Laurens van Delft, trade and economics director at the European Dairy Association (EDA) said the Bulgarian dairy industry does possess innovators. “The Japanese have recently gone crazy for the classic Bulgarian yogurt and a new joint research institute has been set up by Japan’s [dairy product manufacturer] Meiji, the company spearheading the Bulgarian yogurt craze in Japan, and Bulgarian state-owned dairy company LB Bulgaricum,” he said. This company has also been patenting discoveries with added probiotic strains to yogurts with a traditional thick and rich Bulgarian look and taste.
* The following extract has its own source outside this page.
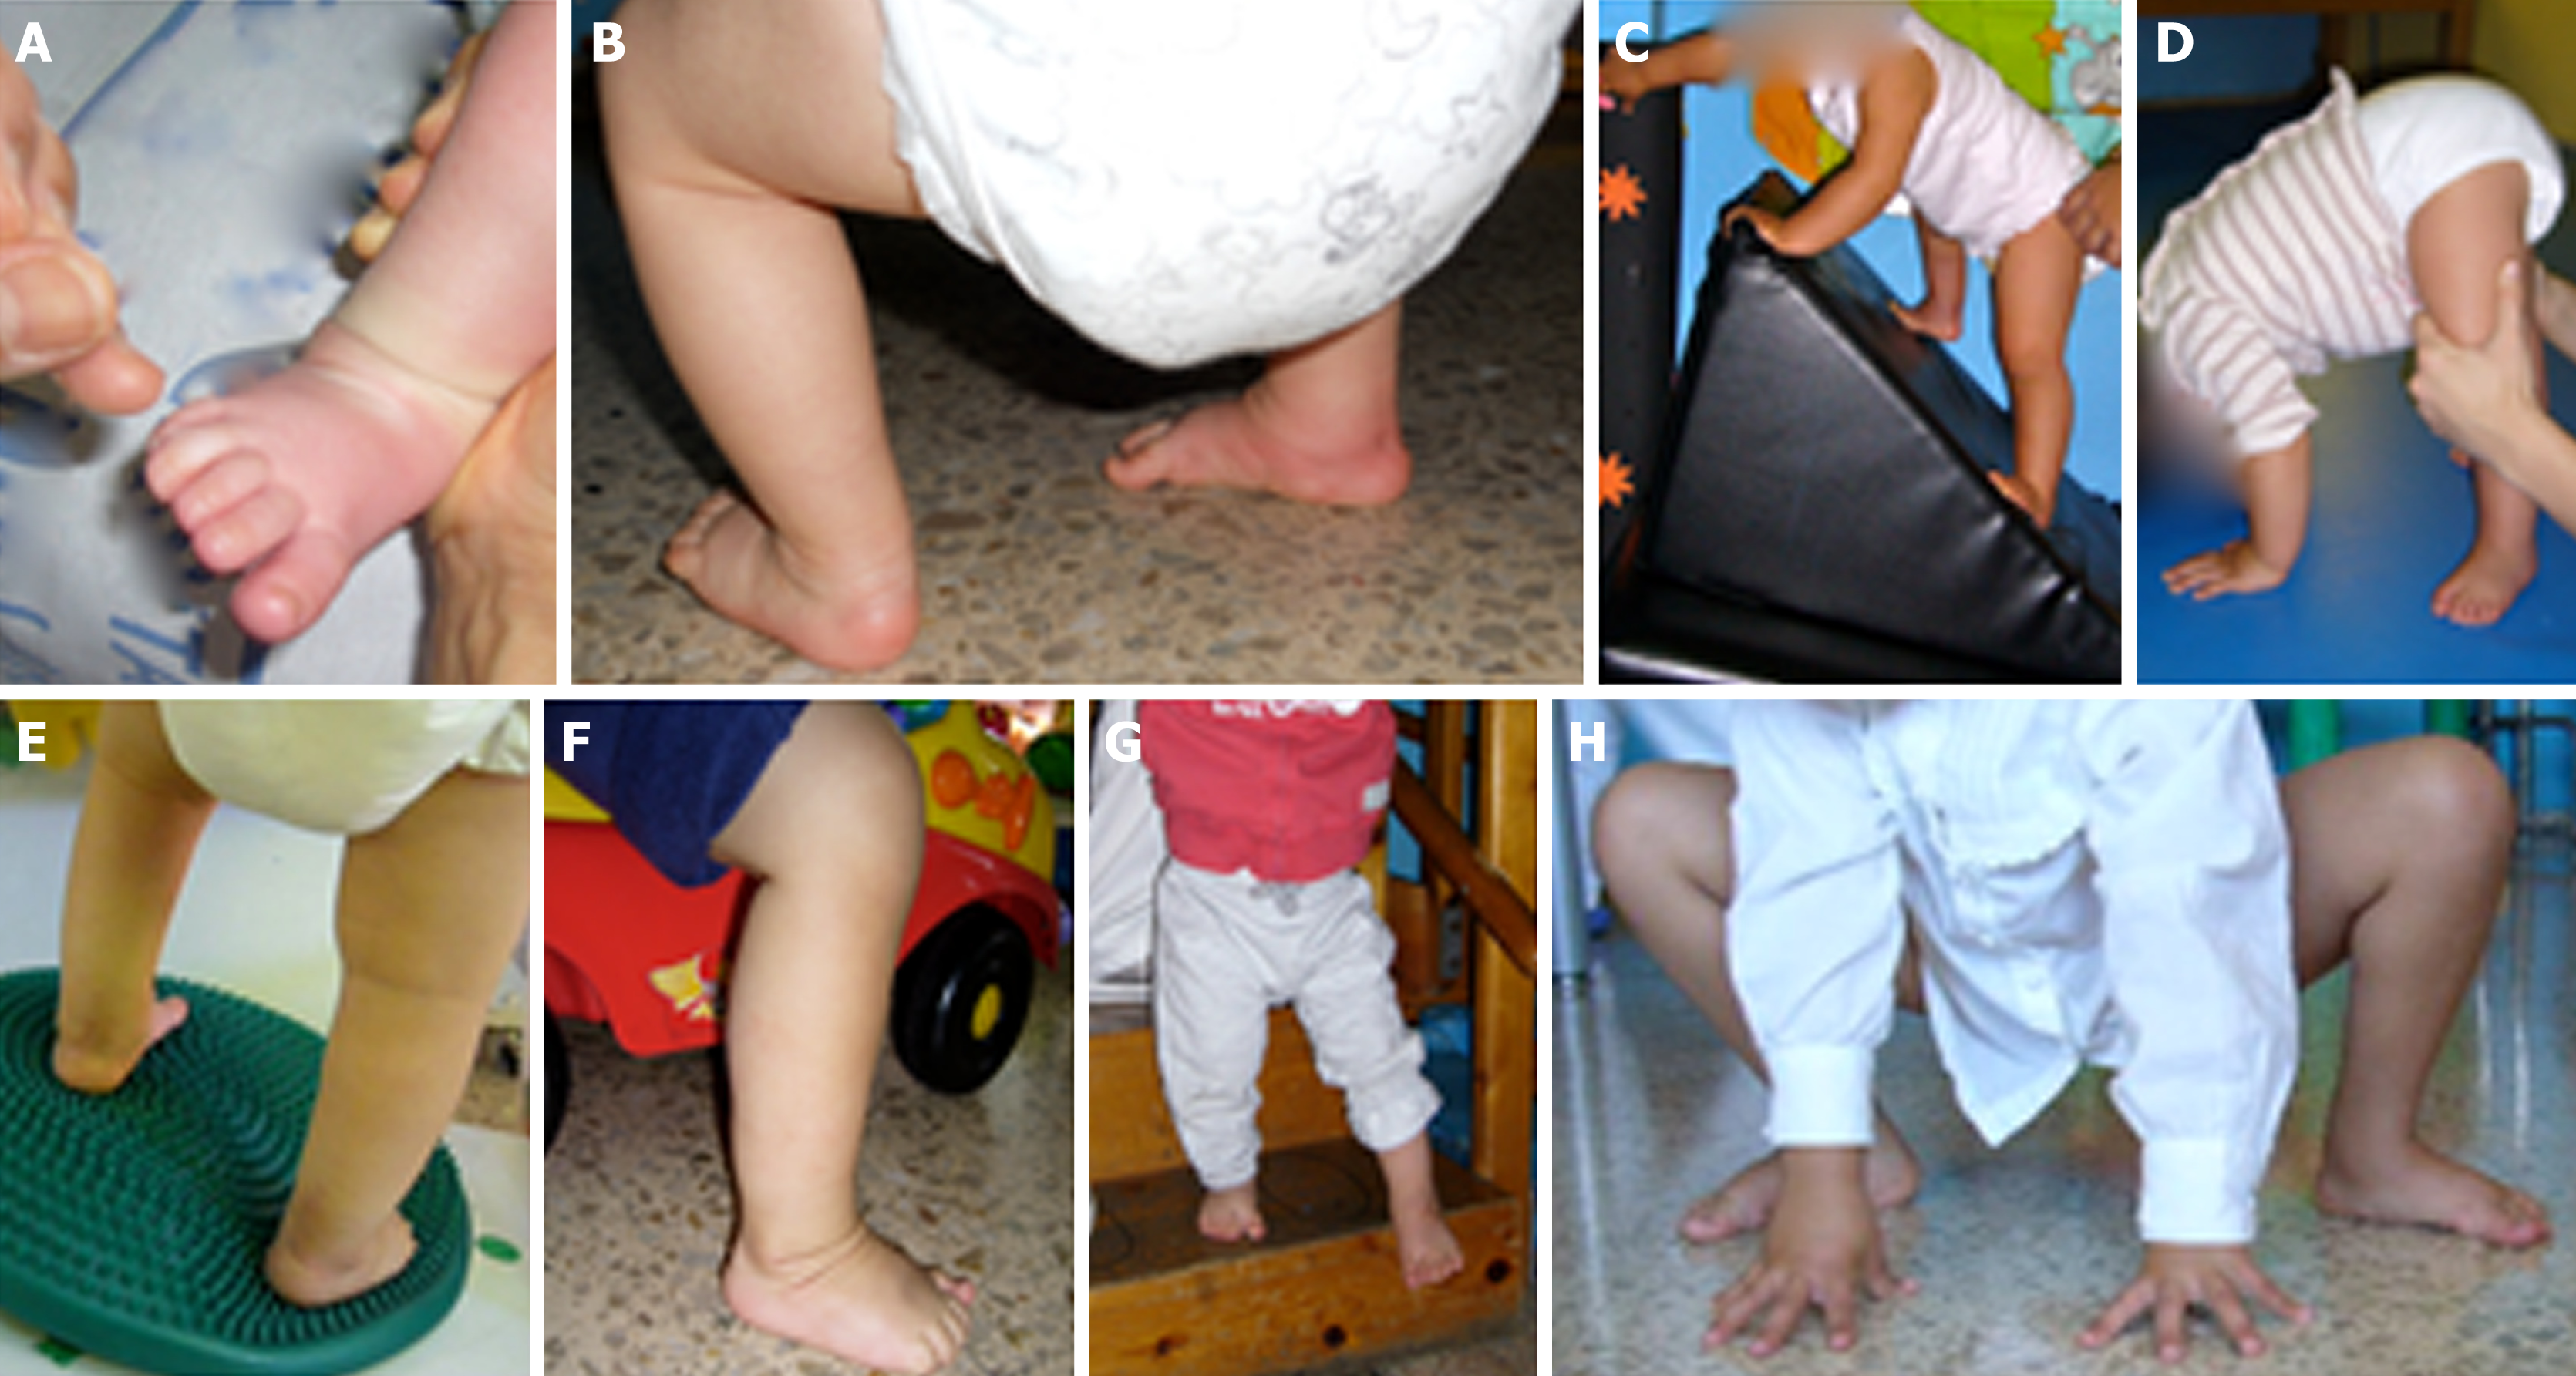 Functional Physiotherapy Method Results For The Treatment Of Idiopathic Clubfoot

Meanwhile, the 10-year-old Sofia-based dairy manufacturing company, Milky Group Bio, is expanding regional exports. According to Albena Yordanova, its marketing director, the company targets neighbouring countries such as Greece, Romania, Serbia, North Macedonia and Türkiye. Additionally, it serves countries with a significant Bulgarian diaspora. Yordanova believes that enhancing Bulgarian branding and promoting its traditions would significantly elevate the country’s dairy products in export markets. She emphasised that Bulgaria presently lacks an international fair where local producers can showcase products and forge new business agreements. Addressing another significant challenge, the company is coping with a shortage of human resources by collaborating with universities and schools, undertaking staff requalification initiatives, and embracing technological automation. However, Yordanova underscored the need for a more comprehensive national-level strategy to effectively overcome the lack of skilled workers.

The Bulgarian Association of Dairy Processors’ Zorov added that one silver lining for the Bulgarian dairy sector in 2023 is that the country’s Traditional Dairy Products Association “has protected the designations of origin for Bulgarian yogurt and white-brined cheese, which for the country is a great achievement.” He added that if the Bulgarian government and companies grasp this opportunity, national traditional dairy products “could be in many years’ time be something that the Greeks have done with their Feta or the Italians with their Parmigiano.”